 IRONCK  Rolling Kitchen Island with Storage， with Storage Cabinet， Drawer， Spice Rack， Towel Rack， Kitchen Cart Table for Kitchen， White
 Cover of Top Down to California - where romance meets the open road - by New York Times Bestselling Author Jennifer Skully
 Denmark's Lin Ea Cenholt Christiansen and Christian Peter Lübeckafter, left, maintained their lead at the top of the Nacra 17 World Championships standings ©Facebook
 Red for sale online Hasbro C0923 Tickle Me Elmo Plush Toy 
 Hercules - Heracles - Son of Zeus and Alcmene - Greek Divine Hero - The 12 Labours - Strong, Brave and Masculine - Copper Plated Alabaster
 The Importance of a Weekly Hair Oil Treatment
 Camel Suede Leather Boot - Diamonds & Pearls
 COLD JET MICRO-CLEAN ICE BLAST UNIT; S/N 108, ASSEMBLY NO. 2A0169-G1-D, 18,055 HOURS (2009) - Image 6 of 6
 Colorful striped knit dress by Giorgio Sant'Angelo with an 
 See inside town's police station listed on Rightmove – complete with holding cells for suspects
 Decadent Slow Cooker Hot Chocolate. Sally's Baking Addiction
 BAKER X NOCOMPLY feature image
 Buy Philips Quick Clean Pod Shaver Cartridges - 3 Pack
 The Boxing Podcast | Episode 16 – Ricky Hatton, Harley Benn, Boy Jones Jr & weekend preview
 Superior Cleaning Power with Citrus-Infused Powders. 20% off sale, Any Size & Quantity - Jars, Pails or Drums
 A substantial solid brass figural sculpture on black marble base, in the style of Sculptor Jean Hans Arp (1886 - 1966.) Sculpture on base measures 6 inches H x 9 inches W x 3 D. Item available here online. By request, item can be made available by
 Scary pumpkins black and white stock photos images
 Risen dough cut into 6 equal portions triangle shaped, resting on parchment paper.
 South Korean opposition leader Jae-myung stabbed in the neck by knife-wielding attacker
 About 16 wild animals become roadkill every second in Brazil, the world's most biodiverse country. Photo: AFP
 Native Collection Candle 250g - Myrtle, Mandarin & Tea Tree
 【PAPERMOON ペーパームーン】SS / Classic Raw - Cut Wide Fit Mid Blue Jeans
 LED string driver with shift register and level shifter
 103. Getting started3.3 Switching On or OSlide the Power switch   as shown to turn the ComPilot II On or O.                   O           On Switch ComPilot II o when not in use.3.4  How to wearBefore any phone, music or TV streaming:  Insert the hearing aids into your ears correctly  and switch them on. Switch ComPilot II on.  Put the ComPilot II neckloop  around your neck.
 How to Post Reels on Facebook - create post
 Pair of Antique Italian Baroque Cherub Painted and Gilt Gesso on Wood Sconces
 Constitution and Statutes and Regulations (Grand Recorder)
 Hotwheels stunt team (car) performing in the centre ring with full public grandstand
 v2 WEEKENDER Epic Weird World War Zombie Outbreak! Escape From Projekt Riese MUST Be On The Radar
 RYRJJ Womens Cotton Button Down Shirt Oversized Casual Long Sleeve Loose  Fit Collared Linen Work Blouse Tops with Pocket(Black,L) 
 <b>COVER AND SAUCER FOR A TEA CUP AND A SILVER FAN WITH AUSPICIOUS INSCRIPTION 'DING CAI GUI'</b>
^^^^^^^^
# Exercise description:
Pick out and copy the lines of the entries that hold the string "Down".

# Solution:
 Cover of Top Down to California - where romance meets the open road - by New York Times Bestselling Author Jennifer Skully
 RYRJJ Womens Cotton Button Down Shirt Oversized Casual Long Sleeve Loose  Fit Collared Linen Work Blouse Tops with Pocket(Black,L) 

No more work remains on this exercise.